Conflit immobilier à Kaloum : Un  célèbre avocat au cœur d’une affaire de loyers impayés

Ce lundi 24 mars 2025, un groupe de femmes en colère a organisé un sit-in devant le cabinet de l’avocat Me Dinah Sampil, situé à Almamya, dans la commune de Kaloum. Munies de foulards rouges et de pancartes sur lesquelles on pouvait lire des slogans tels que « Locataire illégal, dégagez de notre maison ! » et « Un avocat qui abuse de son statut pour harceler les citoyens guinéens ! », elles sont venues soutenir Ramatoulaye Sangaré, la propriétaire des lieux.

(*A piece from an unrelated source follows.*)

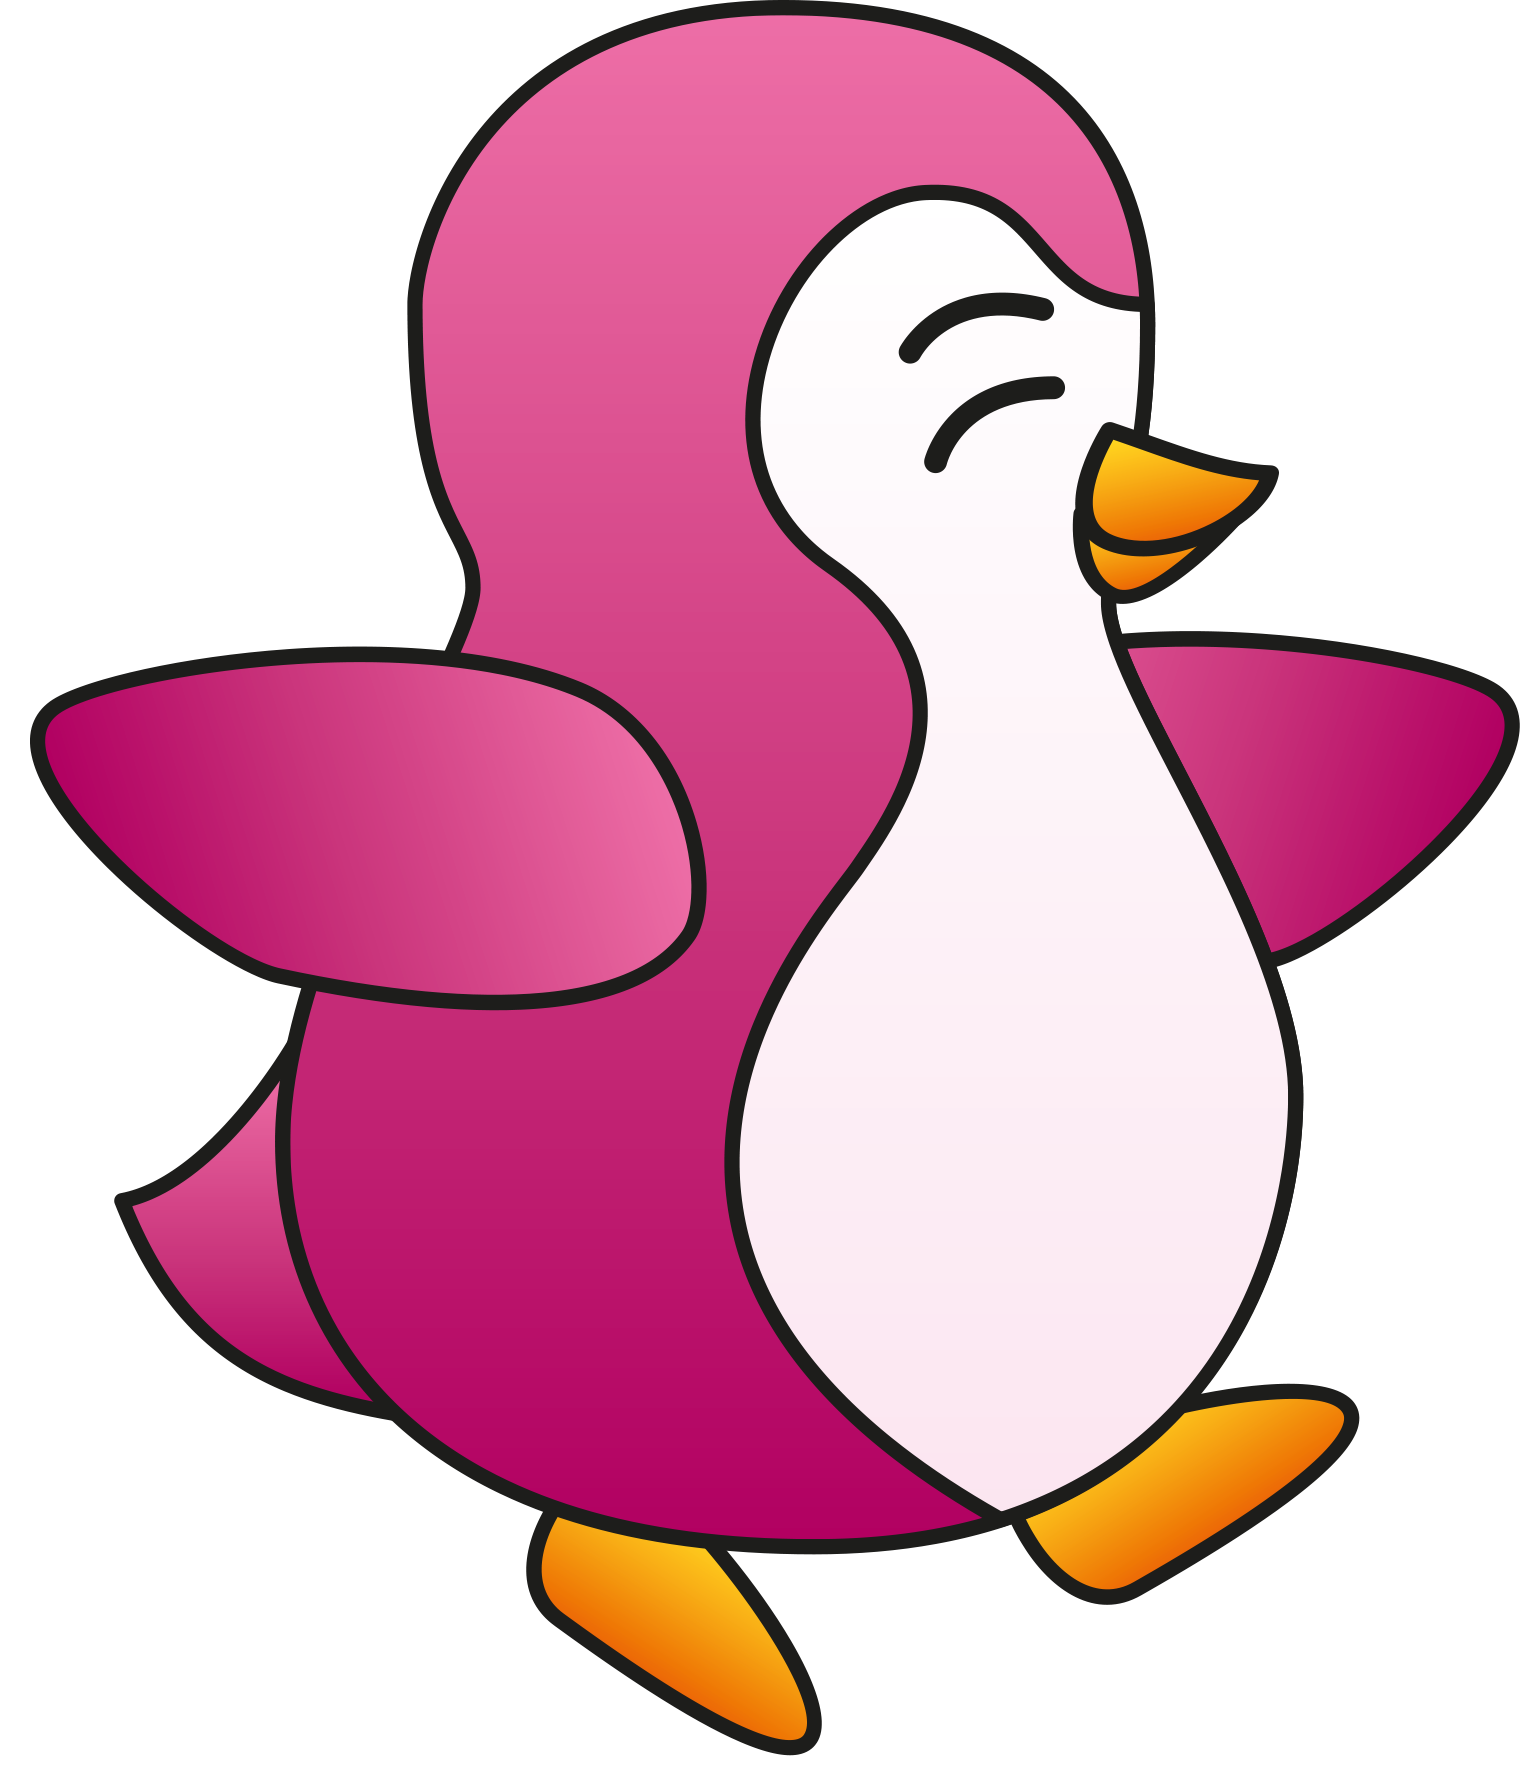 Cute Penguin Free Download Image PNG Image

Ramatoulaye Sangaré accuse Me Dinah Sampil de ne pas avoir payé son loyer depuis deux ans.

 

 

« La maison où il a installé son cabinet appartient à mes parents et à mes grands-parents », a-t-elle déclaré, visiblement émue. « Cela fait deux ans qu’il occupe les lieux, alors que son contrat a expiré depuis longtemps et qu’il refuse de payer le loyer. »

Selon Mme Sangaré, sa famille a demandé à plusieurs reprises à l’avocat de quitter les lieux, mais il a refusé et a même créé des tensions.

« Il a insulté ma mère et moi. J’ai même une vidéo où il profère des injures. C’est inadmissible », a-t-elle confié, dénonçant une situation qu’elle juge injuste. Elle accuse également Me Sampil d’abuser de son statut d’avocat pour entraver ses démarches auprès des autorités.

« Partout où je porte plainte, il intervient, donne sa version, et on refuse de m’écouter. Cela dure depuis deux ans. »

Ramatoulaye Sangaré affirme avoir saisi plusieurs institutions, notamment le bâtonnier, le procureur de Kaloum et la gendarmerie, mais sans succès. « Rien n’a changé, tout est bloqué », a-t-elle déploré. Elle précise que Me Sampil doit 3,5 millions de francs guinéens par mois, soit un total de deux ans d’arriérés de loyers, ce qui rend la situation intenable pour elle et sa famille.

 « Nous avons décidé de fermer aujourd’hui, car le contrat est expiré et il refuse de partir. » Elle rappelle également être la seule représentante légale de la famille pour gérer les biens et estime que Me Sampil n’a plus aucun droit d’occuper la maison.

« Il n’est ni héritier, ni cohéritier. Il ne fait pas partie de la famille. S’il y avait un problème interne, nous l’aurions réglé en famille, mais lui, en tant que locataire, il n’a rien à voir avec ça. »

 

 

Cette affaire met en lumière un conflit qui dure depuis deux ans et qui oppose une propriétaire à un avocat. Les accusations portées contre Me Dinah Sampil sont graves et soulèvent des questions sur l’éthique et le respect de la loi. L’issue de cette affaire dépendra de la capacité des autorités à faire respecter les droits de chacun et à rétablir la justice.